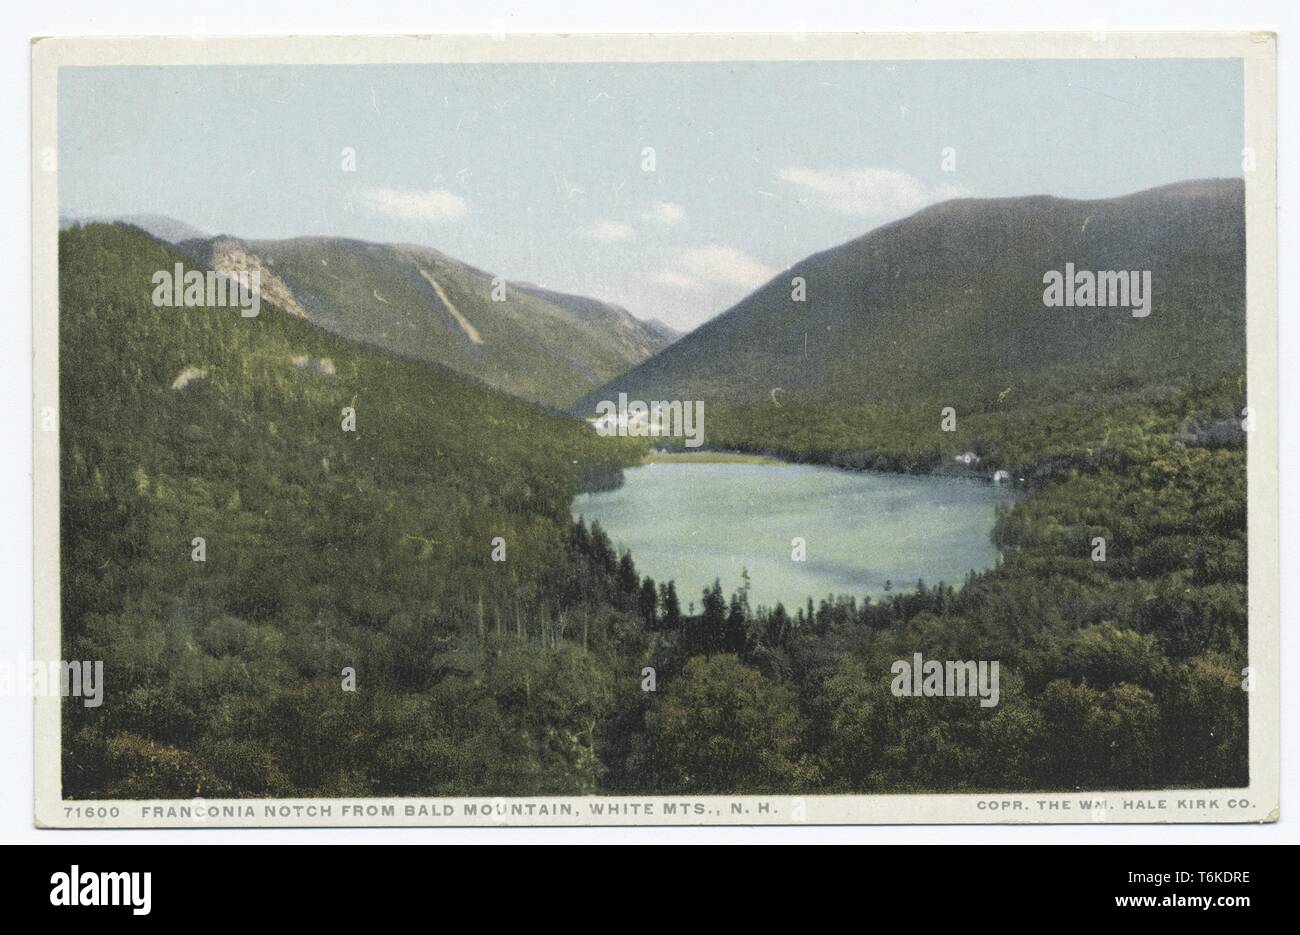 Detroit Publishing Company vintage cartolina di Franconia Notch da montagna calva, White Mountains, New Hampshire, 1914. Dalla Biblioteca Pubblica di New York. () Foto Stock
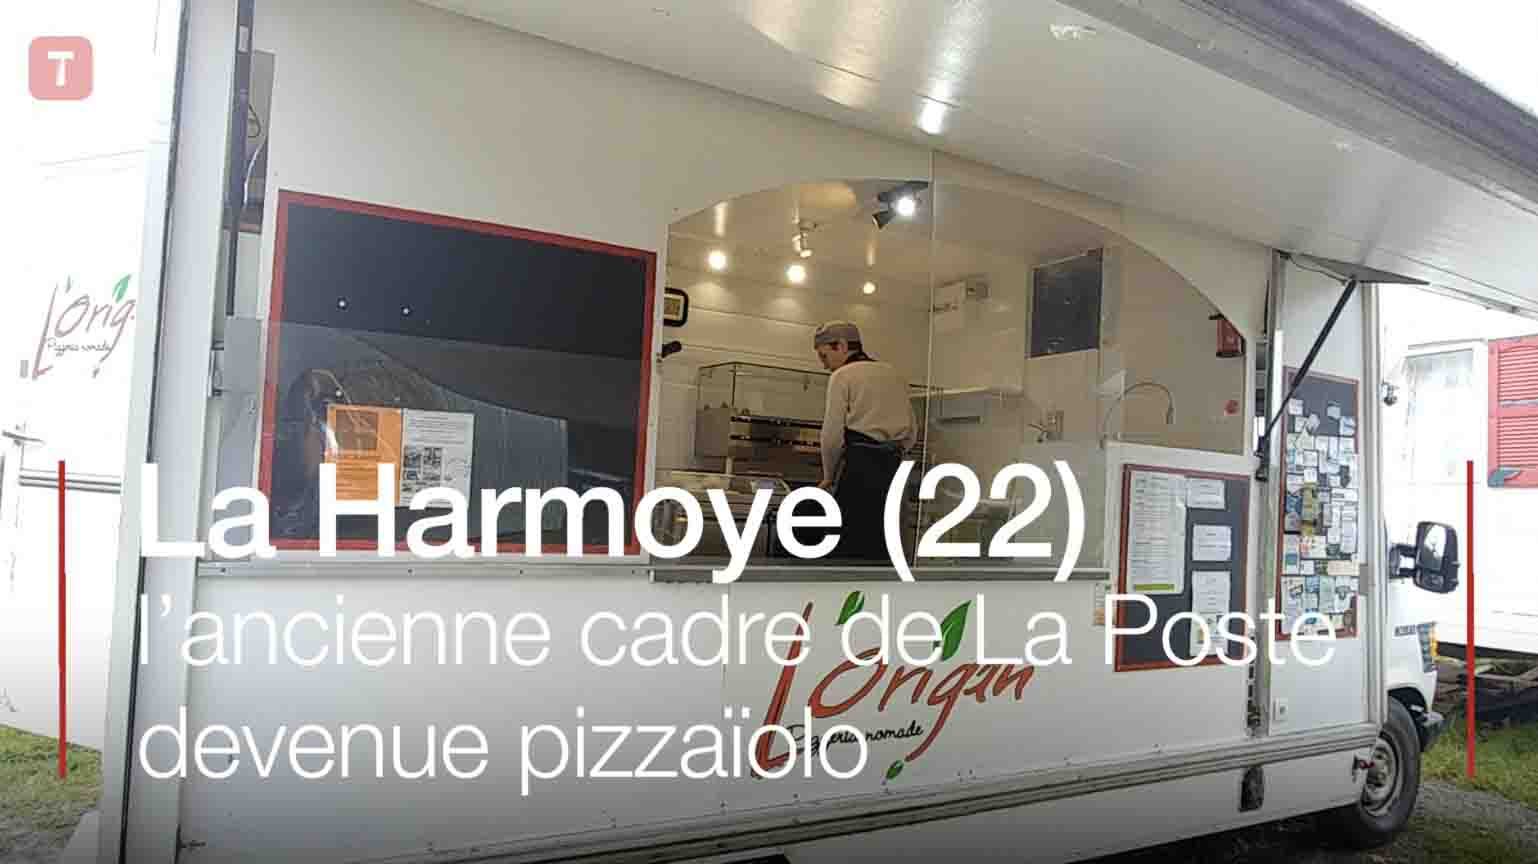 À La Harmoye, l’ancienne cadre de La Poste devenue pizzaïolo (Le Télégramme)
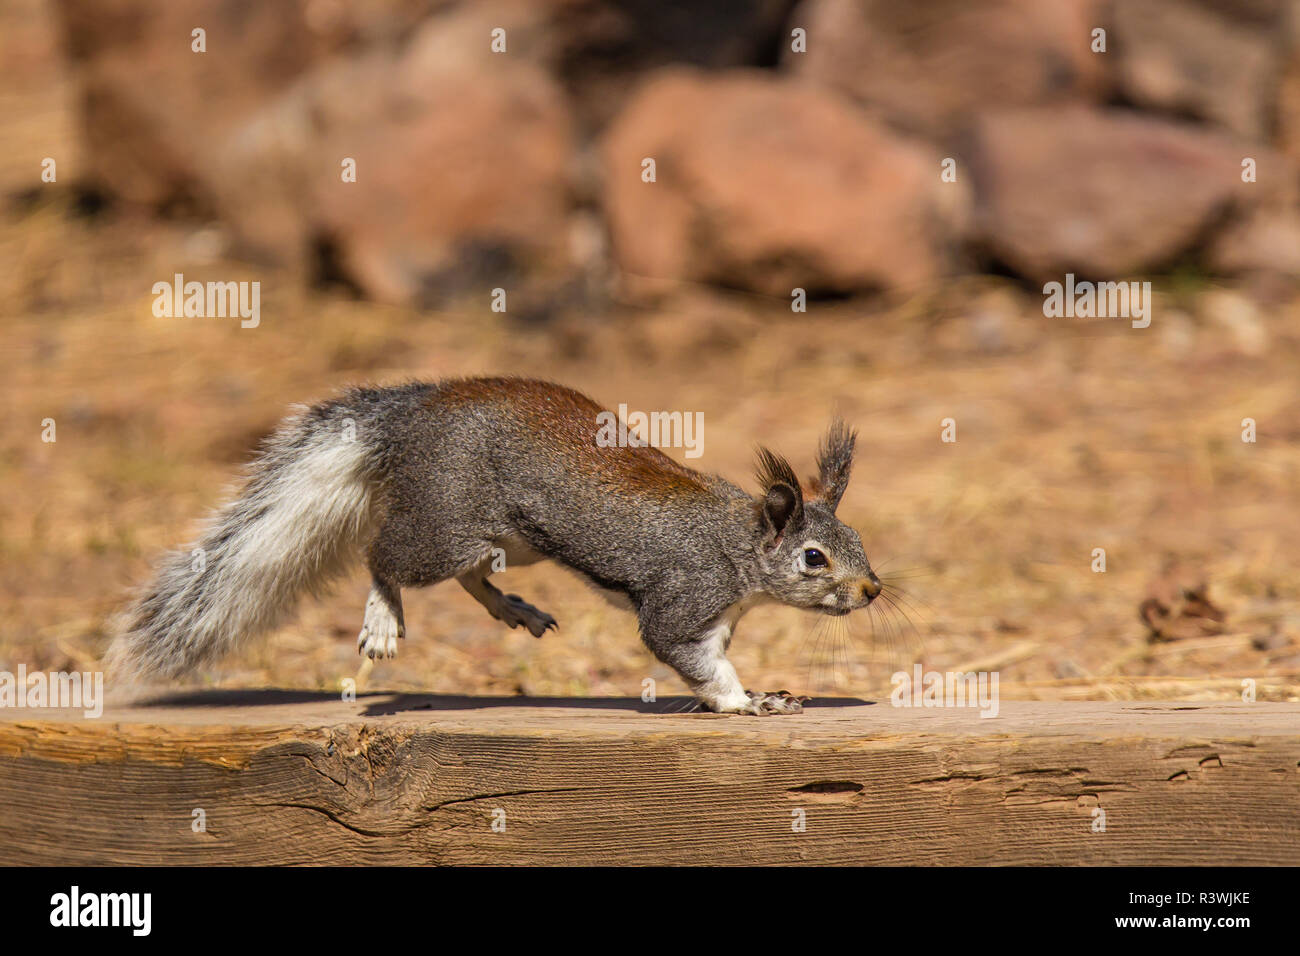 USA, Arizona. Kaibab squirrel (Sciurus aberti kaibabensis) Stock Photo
---
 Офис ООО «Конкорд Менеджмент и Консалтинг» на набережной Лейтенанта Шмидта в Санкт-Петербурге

_What this task involves_
Among the lines above, the one with "À La Harmoye, l’ancienne" opens the part to repeat and the one with "USA, Arizona. Kaibab" closes it; repeat only that part exactly, with no pictures.

_Written answer_
 À La Harmoye, l’ancienne cadre de La Poste devenue pizzaïolo (Le Télégramme)
 USA, Arizona. Kaibab squirrel (Sciurus aberti kaibabensis) Stock Photo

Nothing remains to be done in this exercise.